▶ _ASSIGNMENT_: What are the lines, copied exactly, from the one containing "Женские беговые брюки Nike Dri-FIT Essential" through the final line of the material? Leave the pictures out.

▶ _DATASET CONTENT_:
# # # # # # #

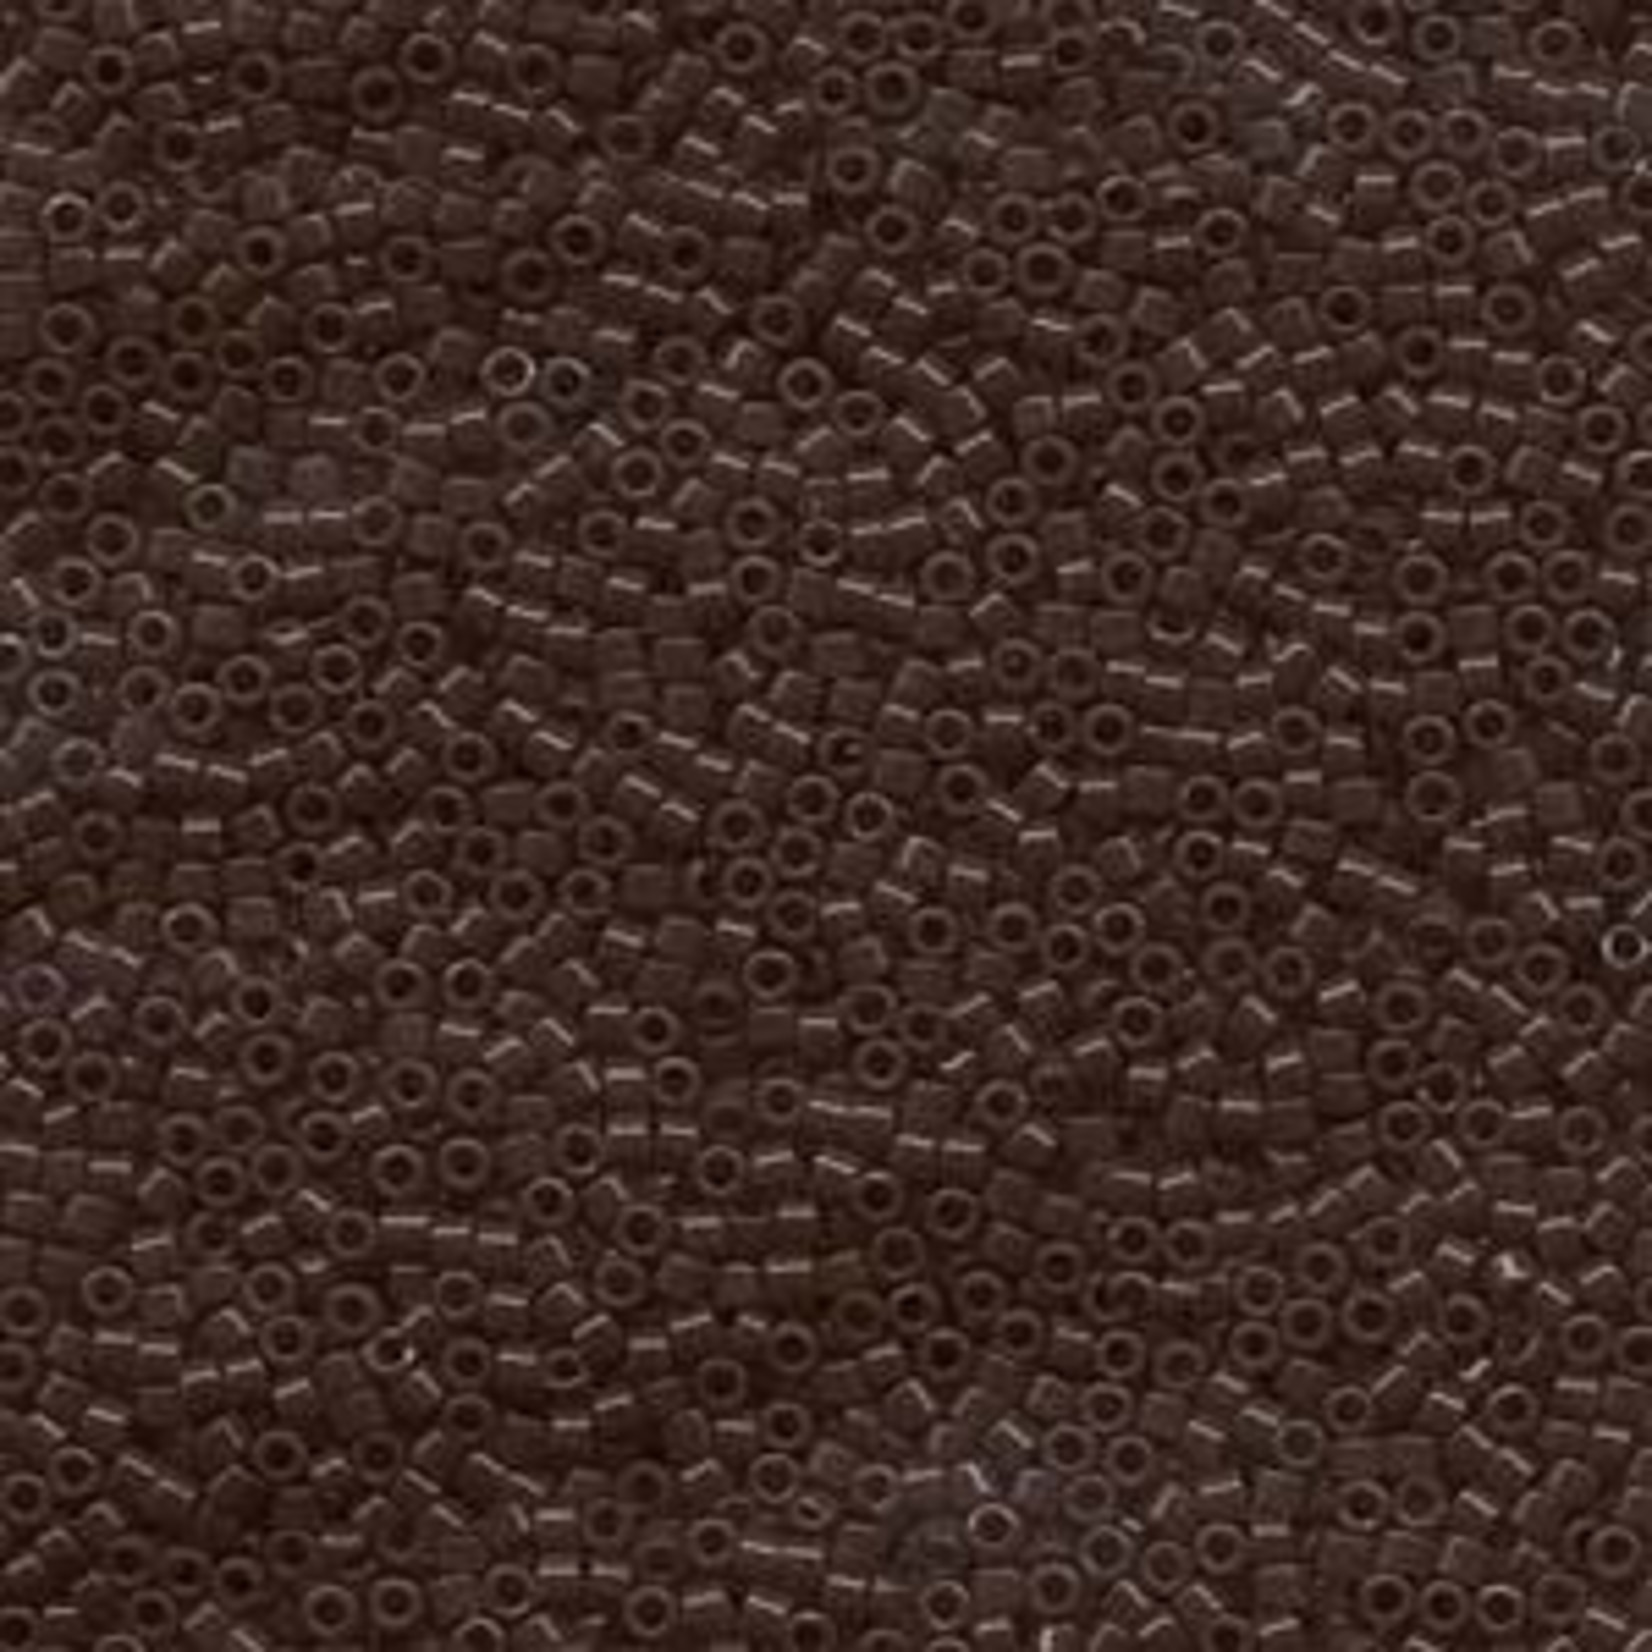 Miyuki 7.2 GM DB0734 11/0 Delica: Chocolate Brown O (APX 1400 PCS)
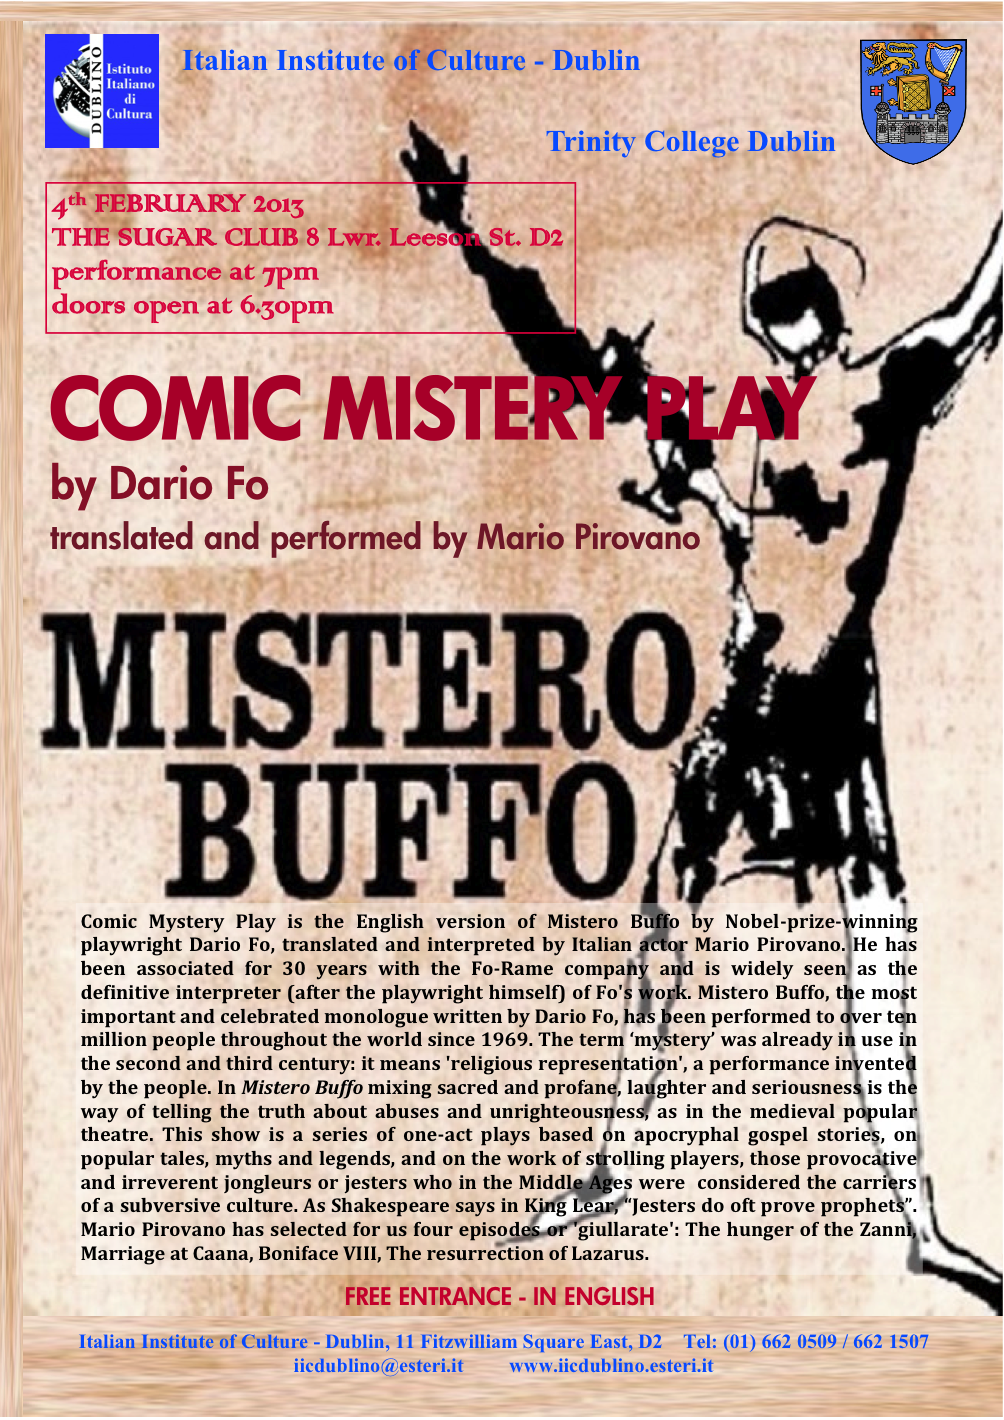 Comic Mistery Play
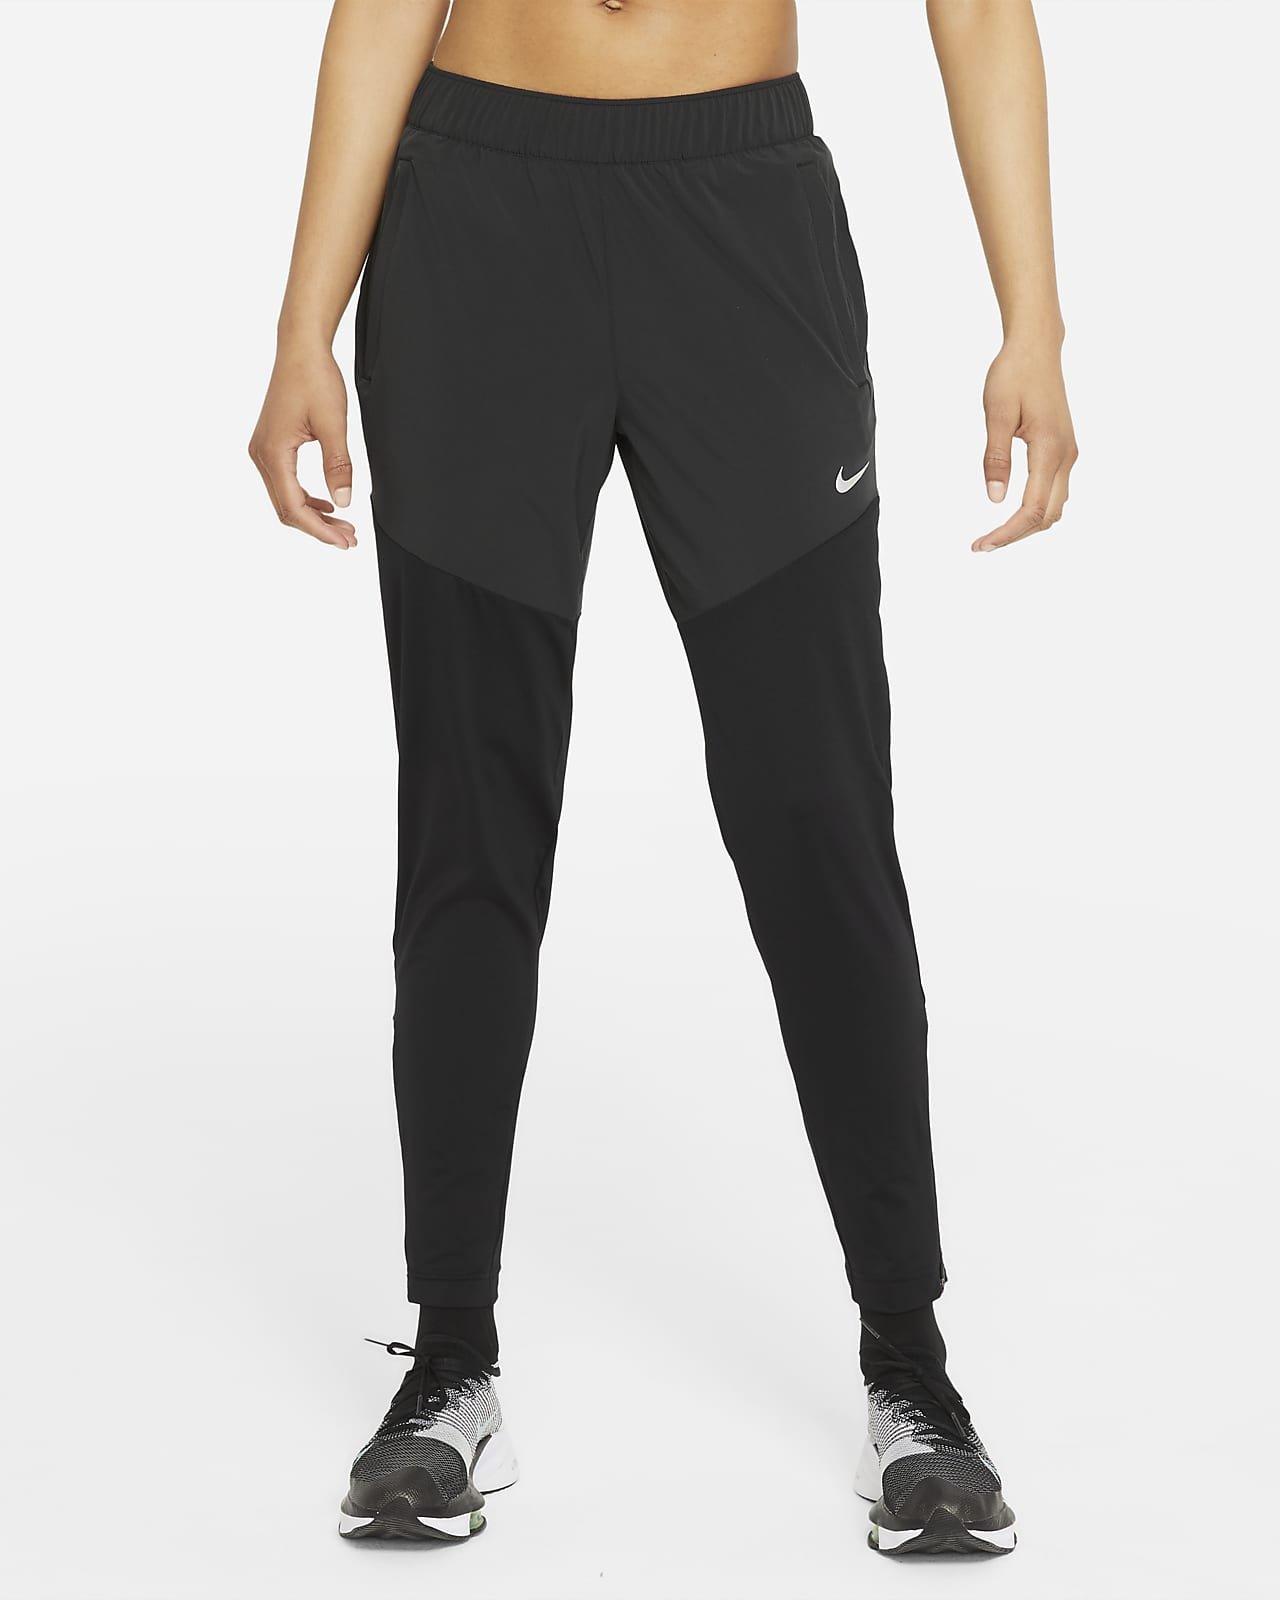 Женские беговые брюки Nike Dri-FIT Essential
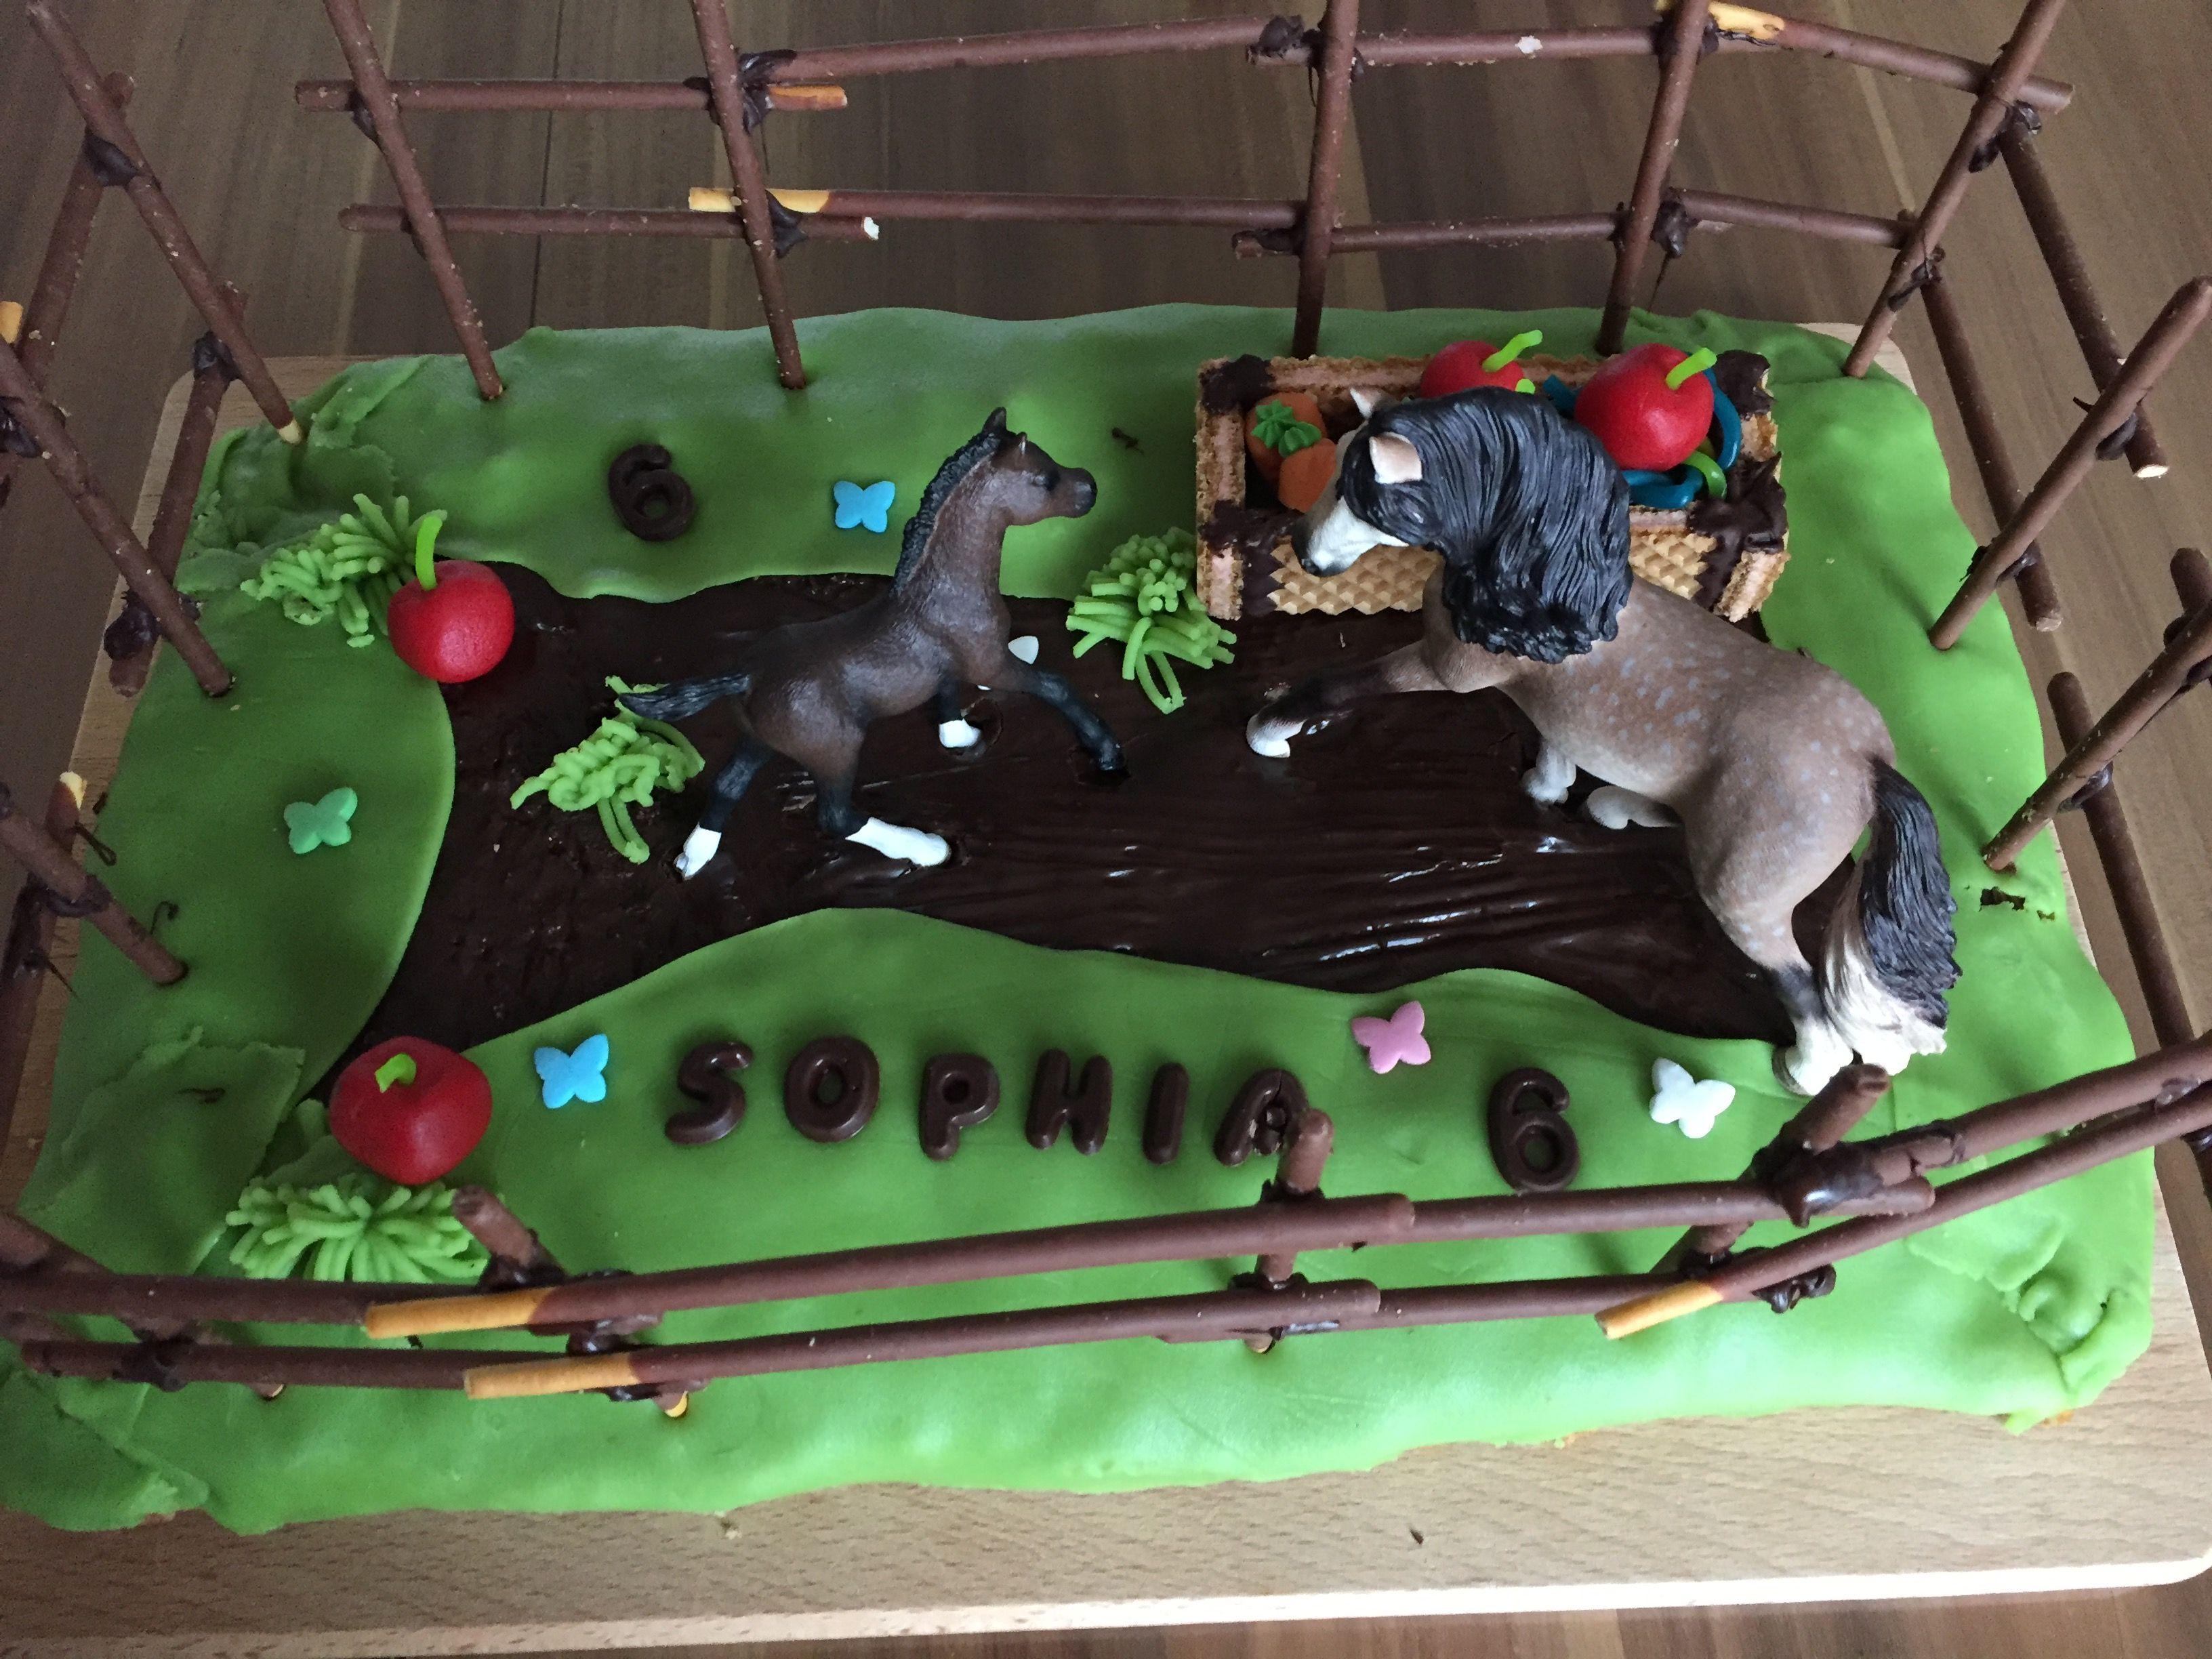 Pferdekoppel Geburtstagskuchen Rezept Geburtstagskuchen Pferd Torte Pferde Kuchen

# # # # # # #

▶ _RESPONSE AREA_:
 Женские беговые брюки Nike Dri-FIT Essential
 Pferdekoppel Geburtstagskuchen Rezept Geburtstagskuchen Pferd Torte Pferde Kuchen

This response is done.